House Acts To Restore Per Se Rule Against Resale Price Maintenance Overruling Recent Supreme Court Decision

On Tuesday, July 30, 2009, the House Judiciary Courts and Competition Policy Subcommittee approved the Discount Pricing Consumer Protection Act of 2009 (HR 3190). The bill would make all resale price maintenance agreements per se illegal under the Sherman Act, thus overruling the Supreme Court’s decision in Leegin Creative Leather Products v. PSKS, Inc., 127 S.Ct. 2705 (2007).

In Leegin, the Supreme Court held that manufacturers may have very good, pro-competitive reasons for establishing minimum resale prices for their goods. For example, minimum resale prices encourage retailers to invest in advertising and promotion, prevent “free-riding” retailers from undermining the marketing efforts of others, and promote interbrand competition, which, the Supreme Court pointed out, is the purpose of the antitrust laws. Given the benefits of resale price maintenance, the Supreme Court held that such agreements are not per se illegal. Rather, such agreements are unlawful only if they constitute unreasonable restraints of trade under the Rule of Reason (a familiar test in antitrust law).

As a result of the Leegin decision, many manufacturers have changed their distribution policies, and some have adopted resale price maintenance agreements which allow them to more effectively market their products and compete against other brands.

The Discount Pricing Consumer Protection Act, however, would return antitrust law to the days when all such agreements were per se illegal, regardless of their procompetitive benefits. The bill provides: “Any agreement setting a price below which a product or service cannot be sold by a retailer, wholesaler, or distributor shall violate section 1 of the Sherman Act (15 U.S.C. 1).” Those twenty-eight words, if enacted into law, would overrule the Supreme Court’s decision in Leegin and the economic literature upon which the Leegin Court relied. Next the bill will be considered by the full Judiciary Committee, which is headed by Rep. John Conyers (D-MI). Although many bills die in committee, this bill is more likely to be considered because Rep. Conyers is a co-sponsor of the bill.

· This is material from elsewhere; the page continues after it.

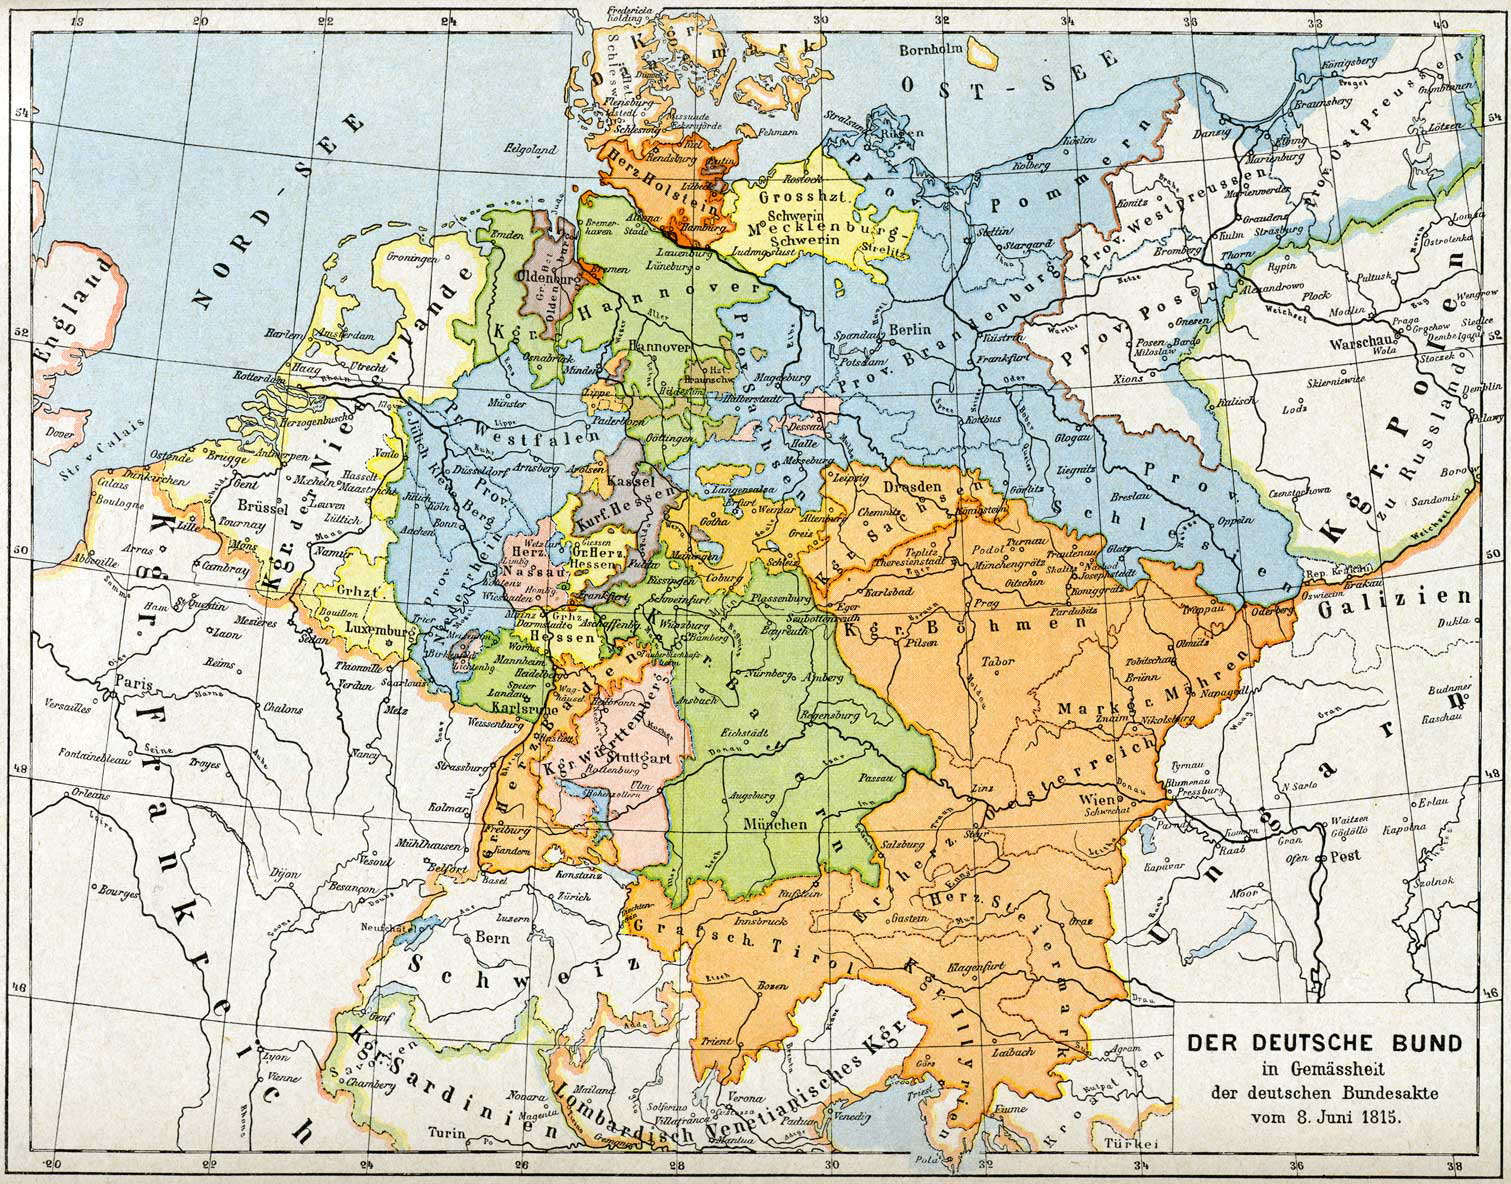 Deutscher Bund, 1815

The Senate is considering its own version of the Discount Pricing Consumer Protection Act. S.B. 148. The Senate bill is sponsored by Senator Herb Kohl (D-WI) whose family founded the eponymous retail department store chain. The Senate bill is also likely to receive committee attention because Senator Kohl is the Chairman of the Antitrust, Competition Policy and Consumer Rights Subcommittee.

Constructive Termination Actionable Under New Jersey Franchise Practices Act

The New Jersey Appellate Division has ruled that constructive termination is actionable under the New Jersey Franchise Practices Act. See Maintainco, Inc. v. Mitsubishi Caterpillar Forklift America, Inc., 975 A.2d 510 (N.J. App. 2009).

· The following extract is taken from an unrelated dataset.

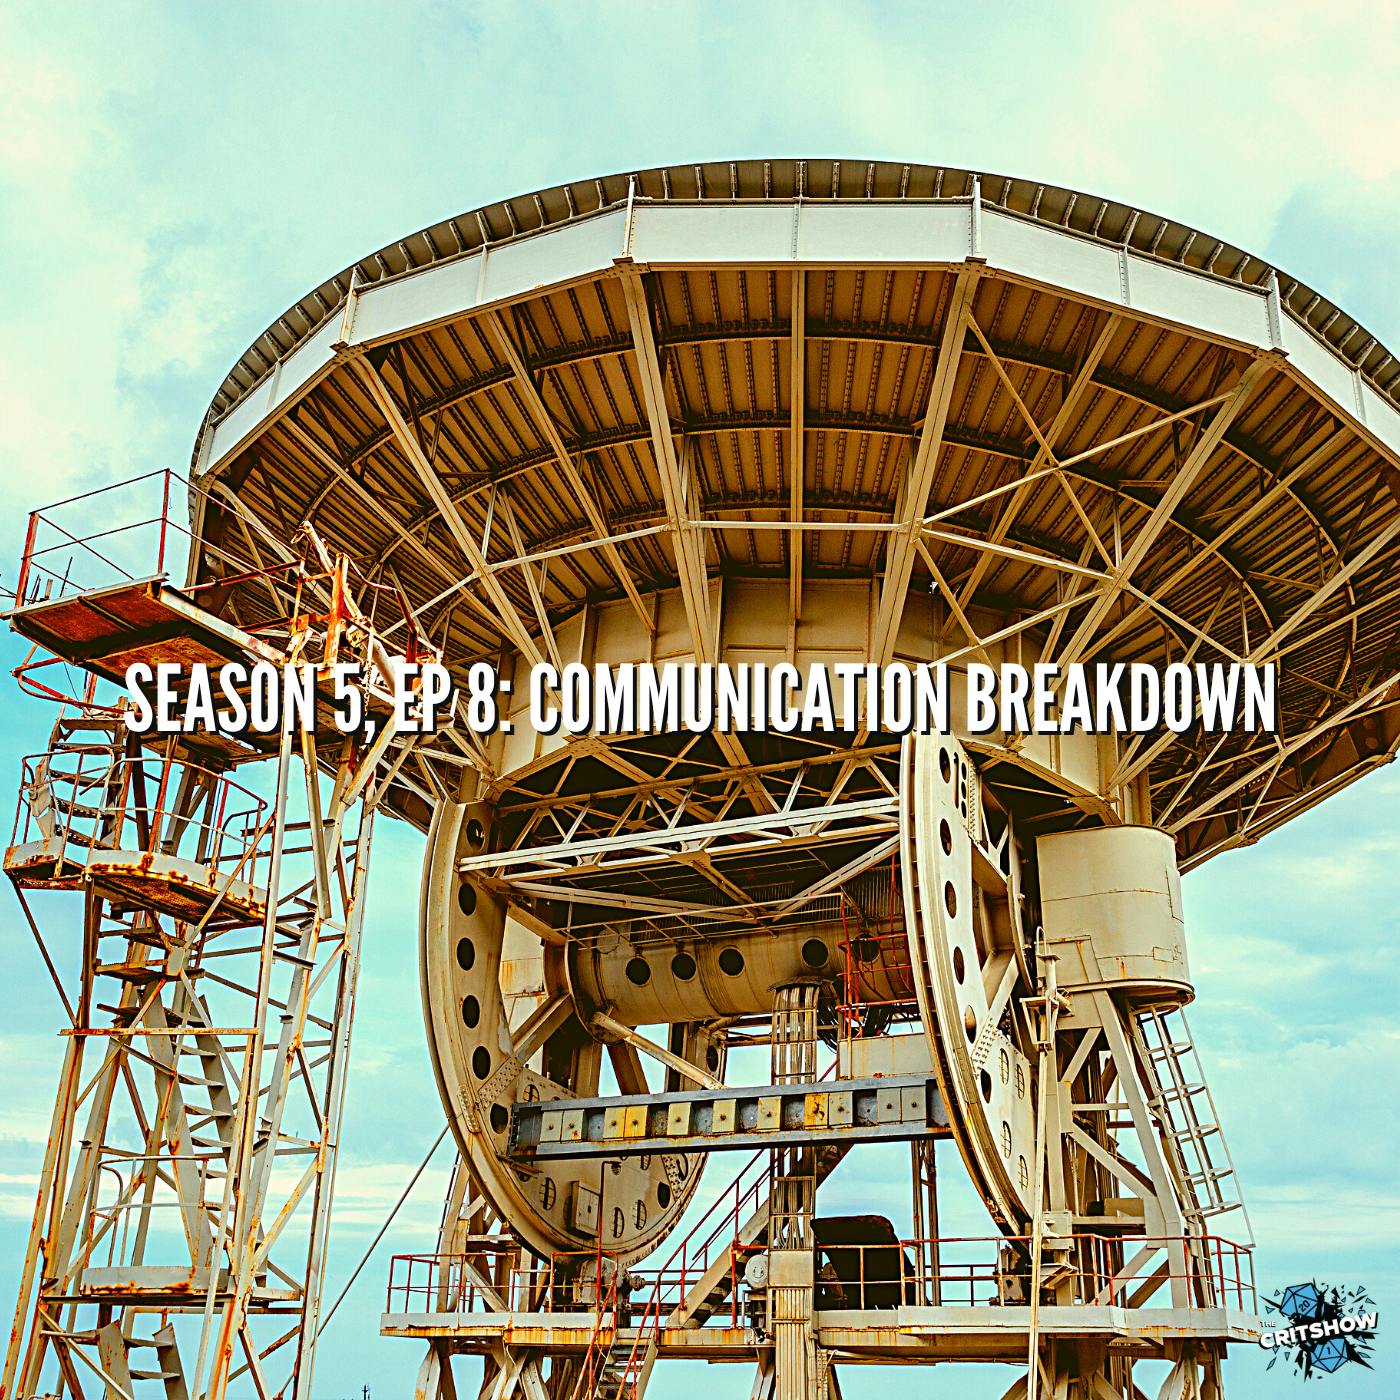 Communication Breakdown (S5, E8)

The Act prohibits a franchisor from "terminating" a francisee without "good cause" and also prohibits the franchisor from imposing "unreasonable standards of performance" on a franchisee. The court held that "termination" also includes the common-law concept of "constructive termination."

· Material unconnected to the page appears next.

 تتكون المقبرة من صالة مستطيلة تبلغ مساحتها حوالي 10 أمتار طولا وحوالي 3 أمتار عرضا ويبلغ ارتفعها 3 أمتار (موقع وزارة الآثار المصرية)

The court explained that "rather than directly and unambiguously terminating the plaintiff, [defendant] engaged in a course of conduct geared to forcing out the plaintiff." For example, the defendant expressed its desire to be rid of plaintiff, appointed a second dealer in plaintiff's territory, and gave the second dealer favorable terms and conditions, in the hopes that plaintiff's business would be destroyed. The court held that this constiuted a "constructive termination" of plaintiff's franchise without good cause. The court also held that plaintiff did not have to resign or actually be driven out of business before filing a claim under the NJFPA. It was enough that defendant attempted to constructively terminate plaintiff and that the scheme would have succeeded but for the plaintiff's lawsuit.